BEGIN Source data

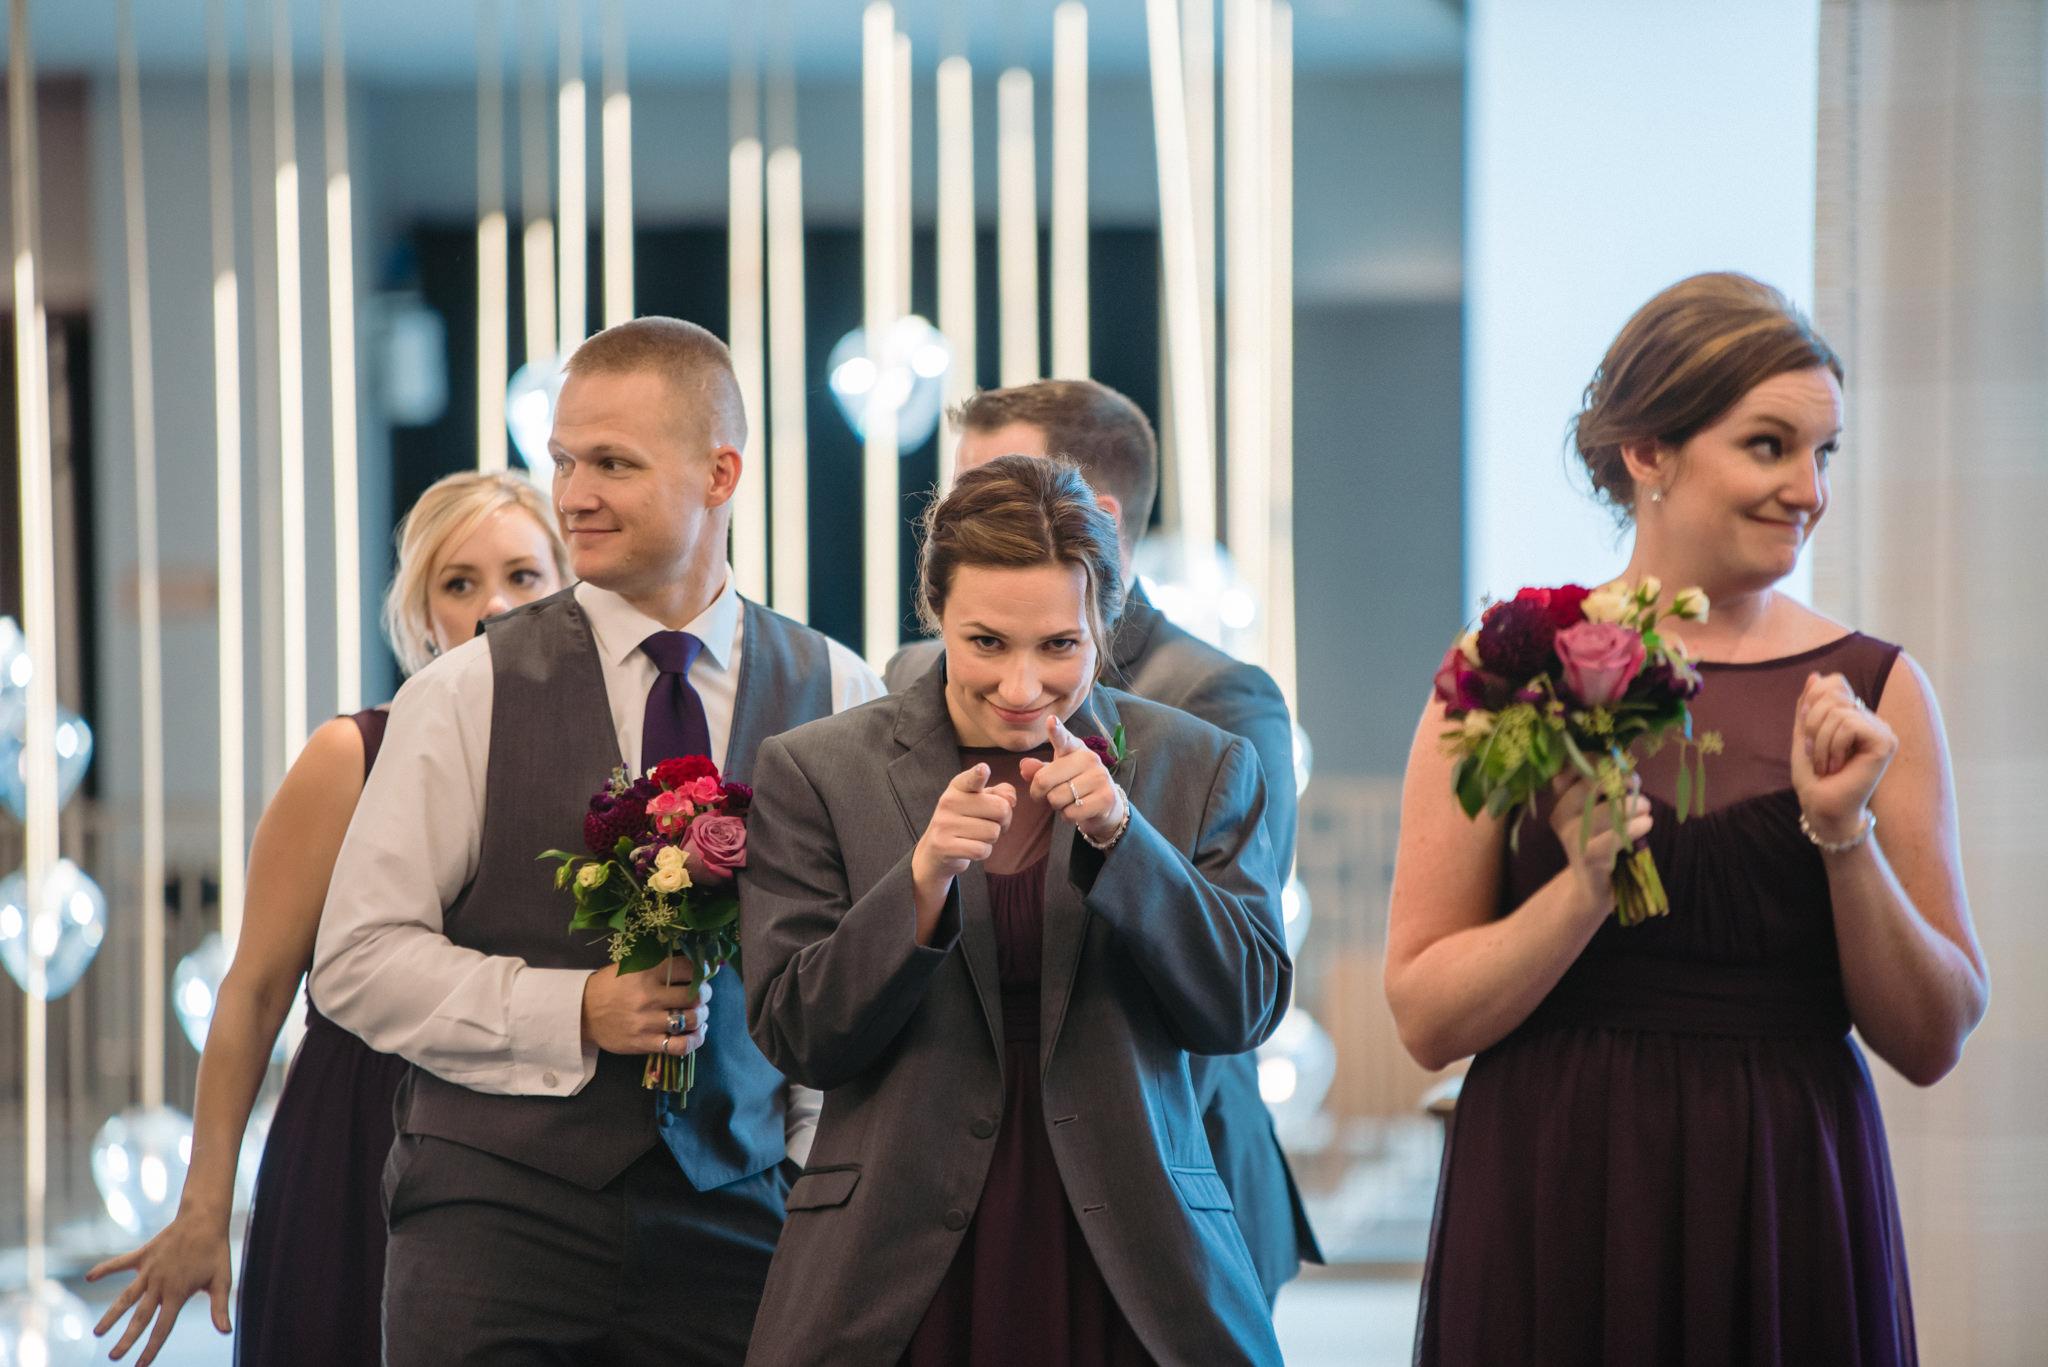 OMAHA-MARRIOTT-WEDDING-DOWNTOWN-MARRIOTT-OMAHA-WEDDING-PHOTOGRAPHER-JM-STUDIOS-035.jpg
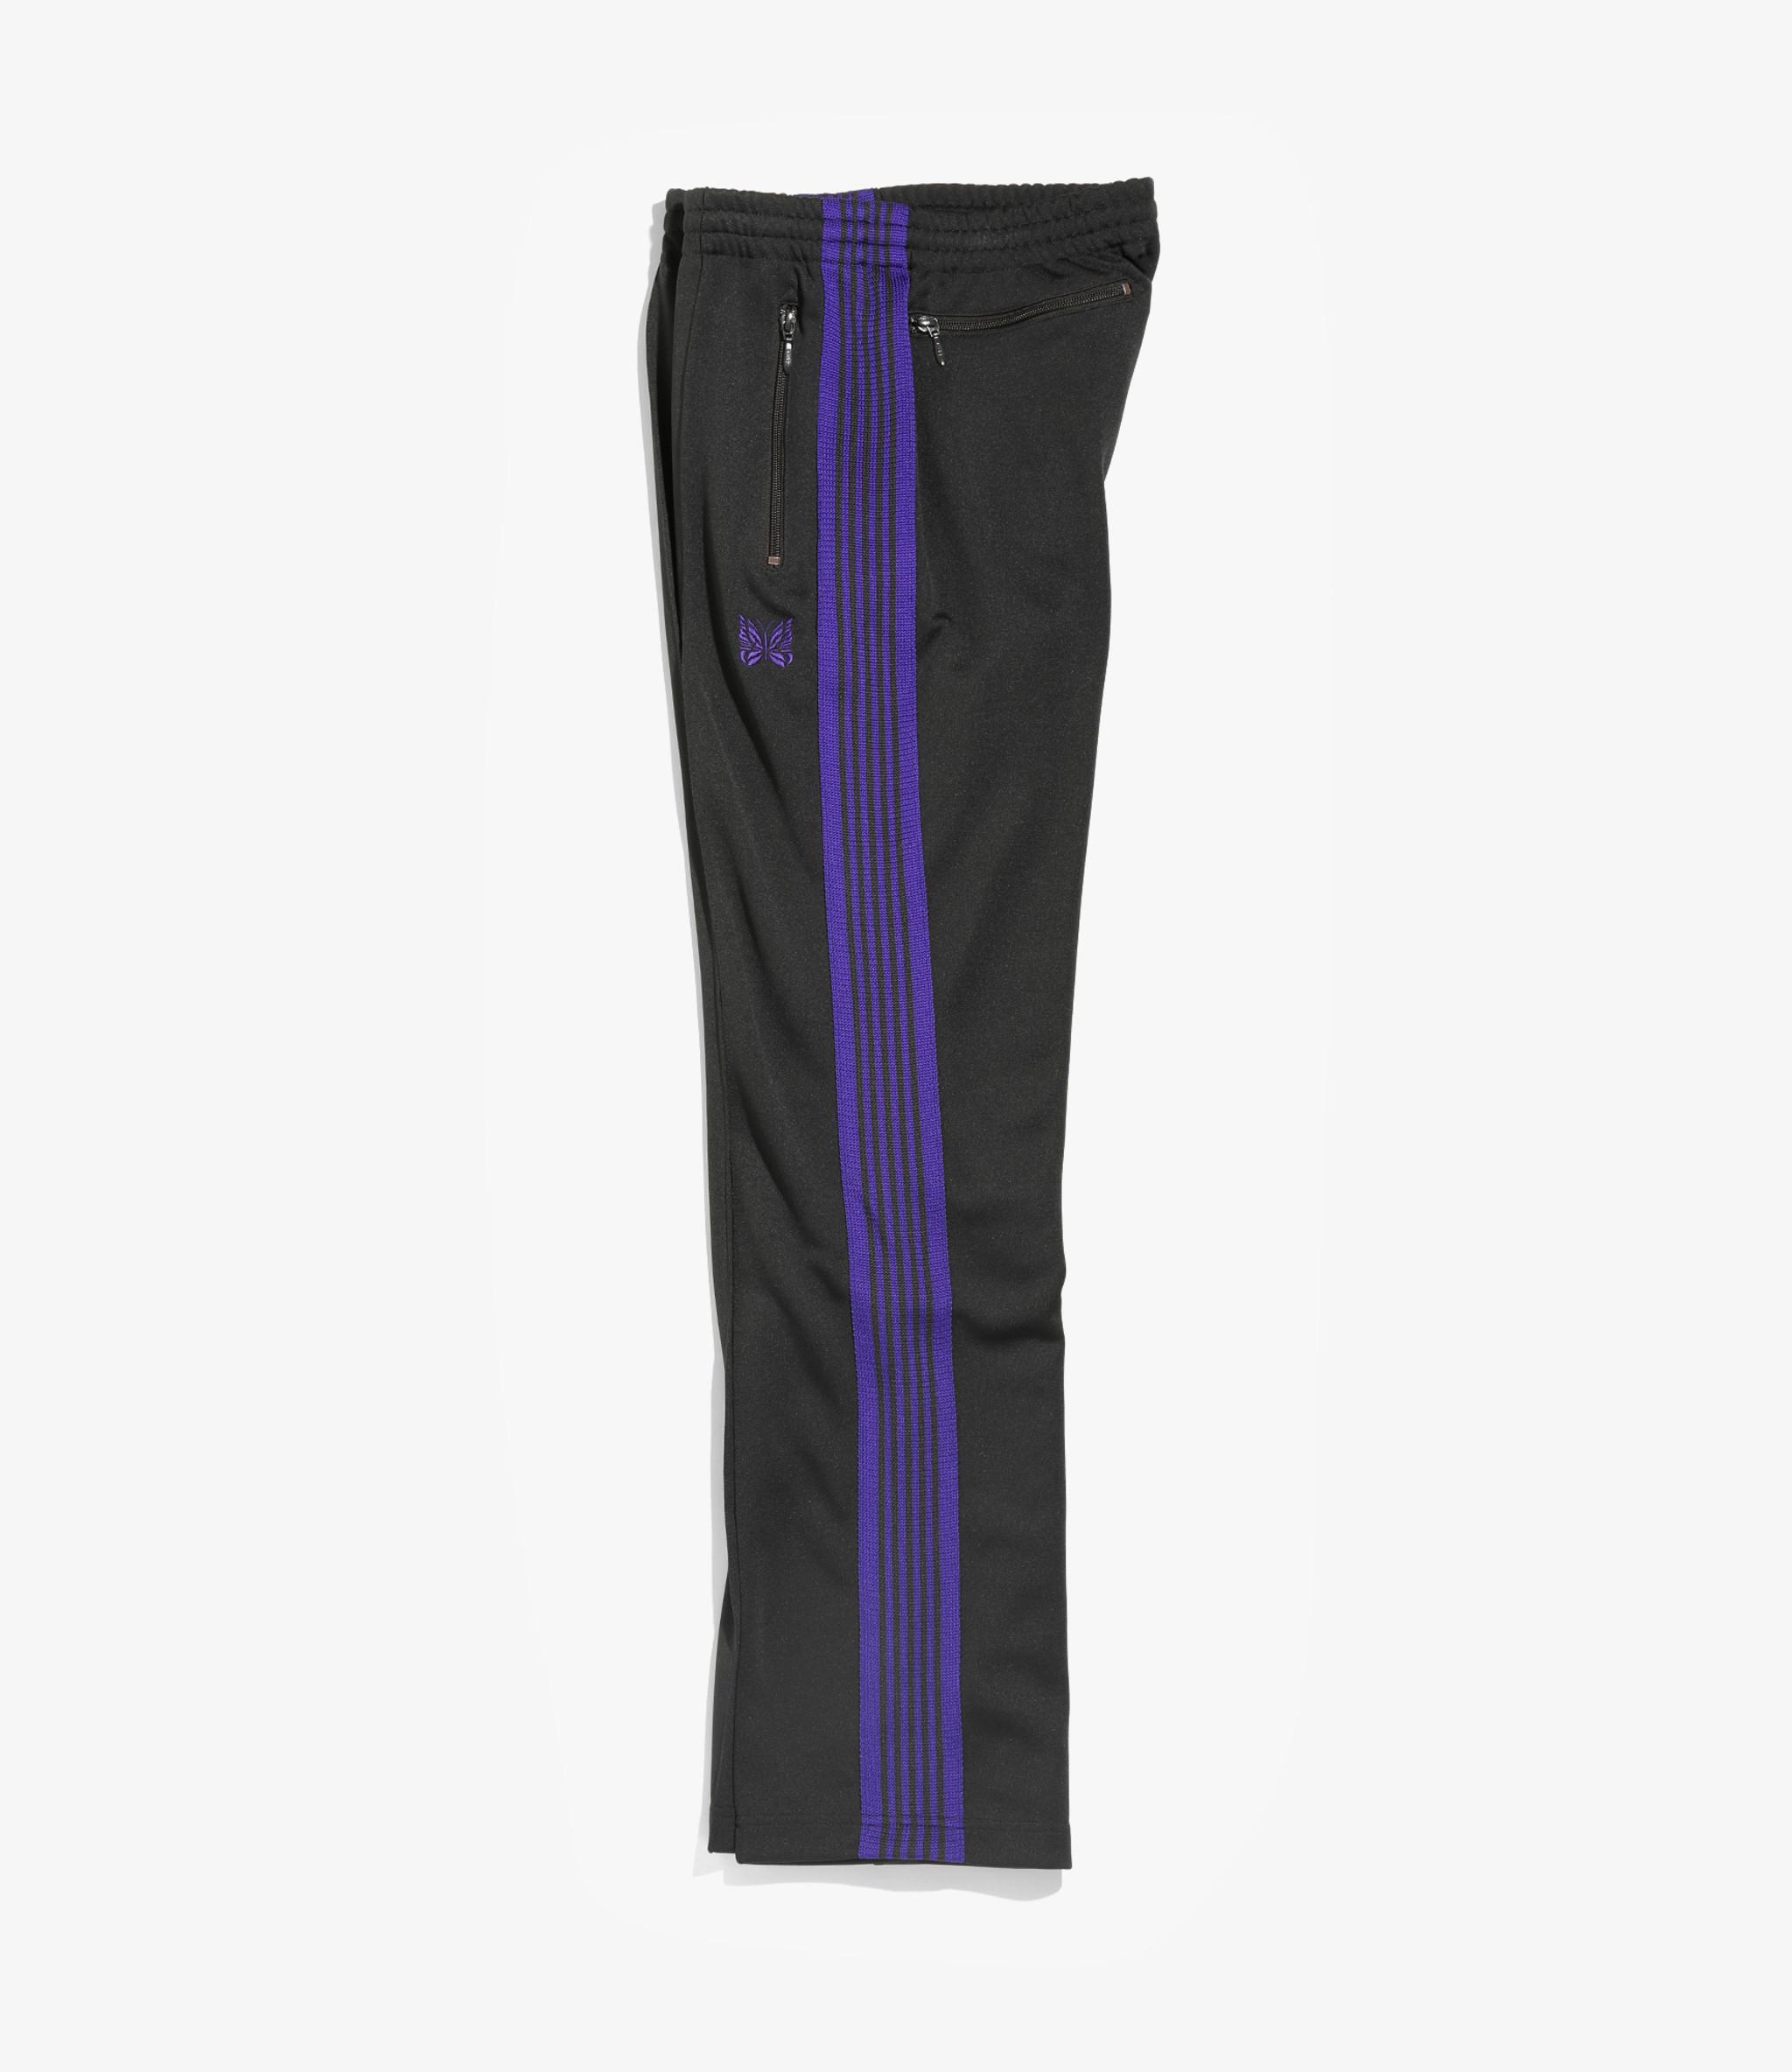 Needles Narrow Track Pant - Poly Smooth - Charcoal
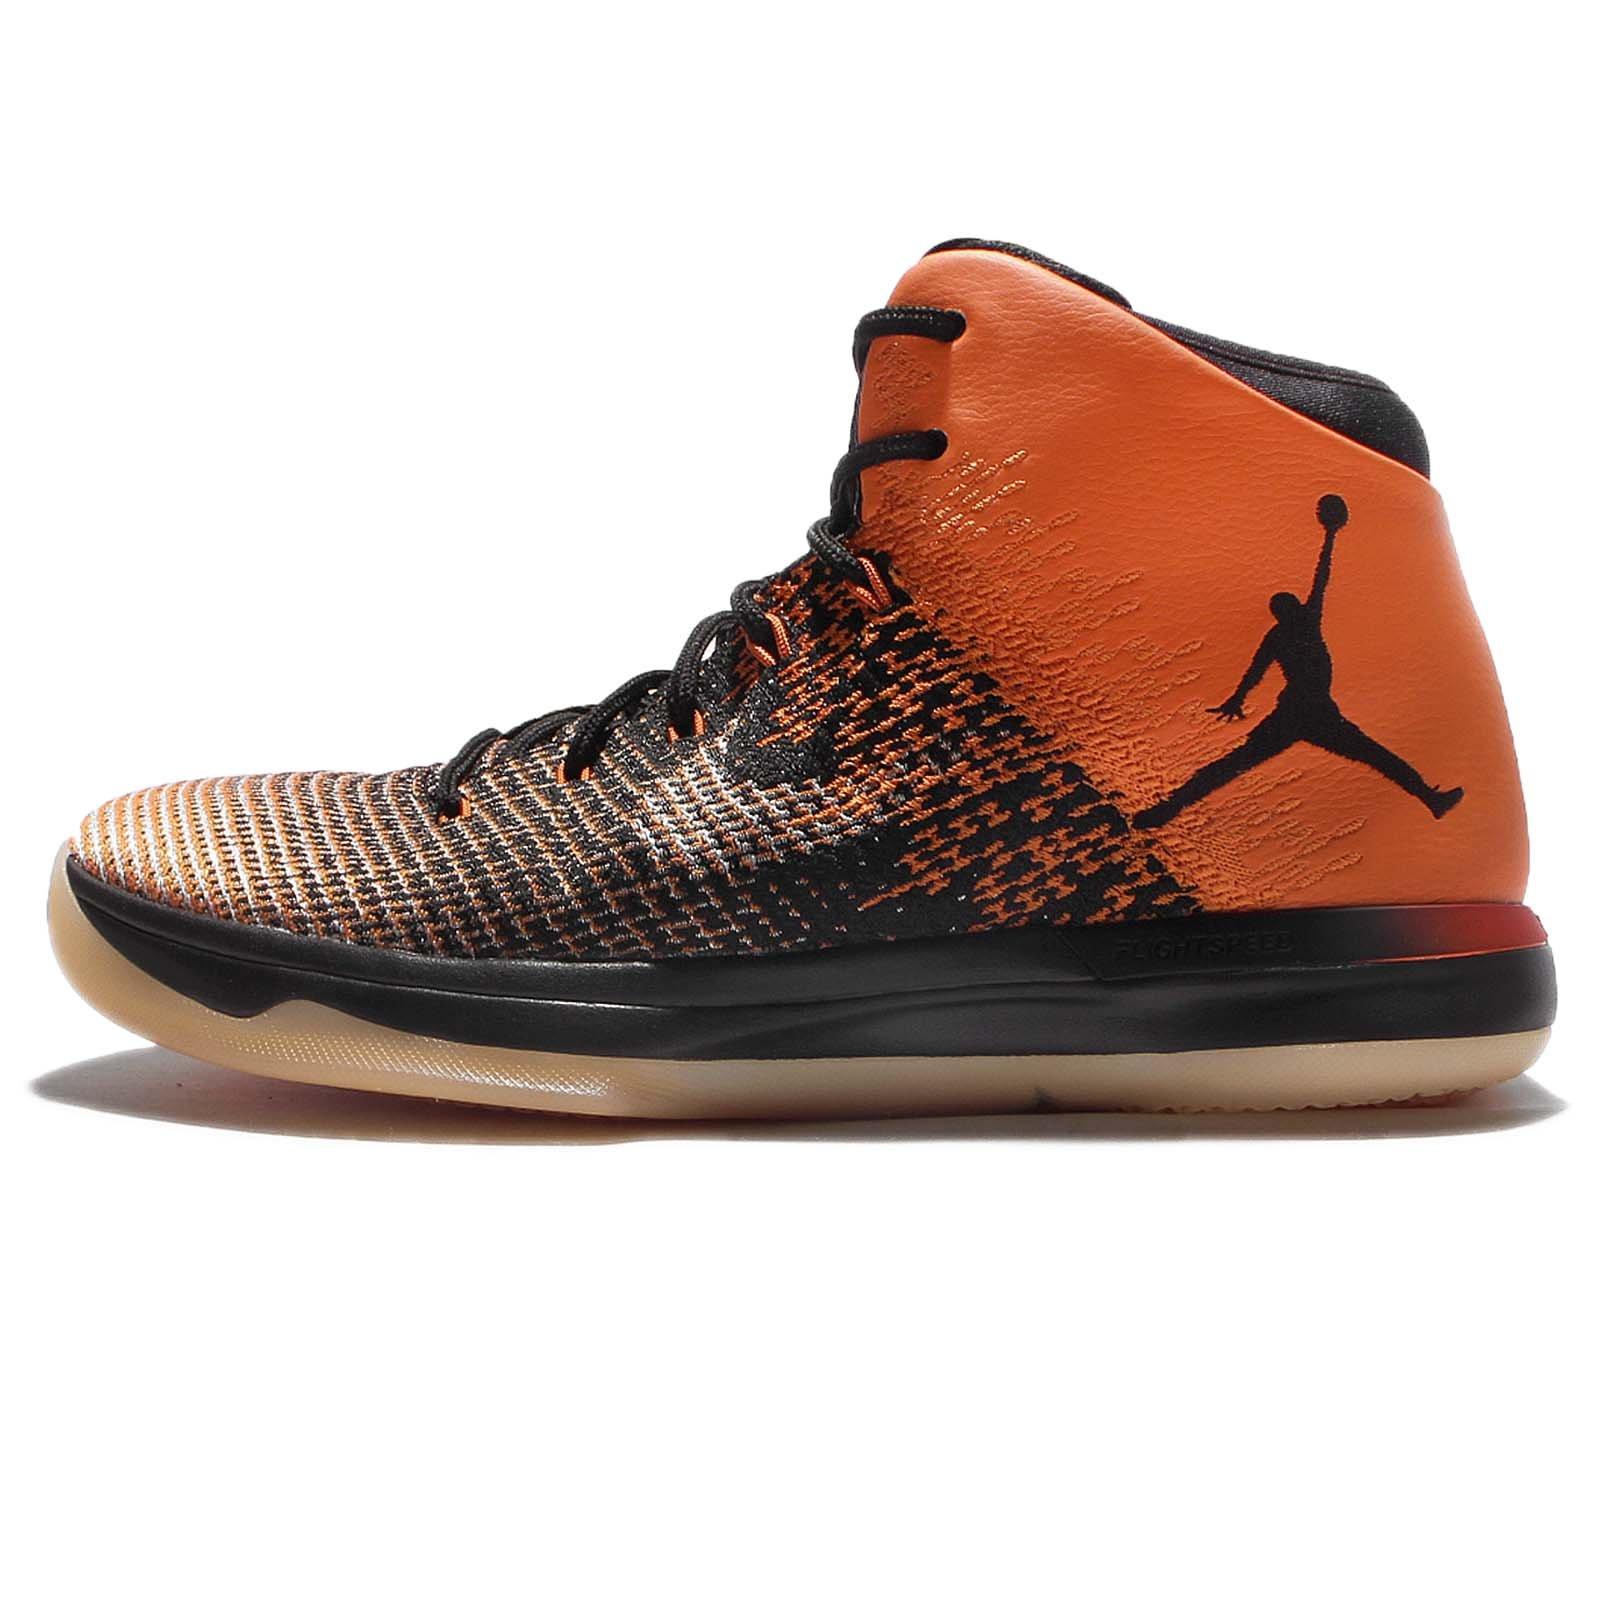 Nike Jordan Men's Air Jordan XXXI Basketball Shoe (9, Black/Black/Starfish)

END Source data

Once the pictures are removed, repeat all of the data above exactly.

 OMAHA-MARRIOTT-WEDDING-DOWNTOWN-MARRIOTT-OMAHA-WEDDING-PHOTOGRAPHER-JM-STUDIOS-035.jpg
 Needles Narrow Track Pant - Poly Smooth - Charcoal
 Nike Jordan Men's Air Jordan XXXI Basketball Shoe (9, Black/Black/Starfish)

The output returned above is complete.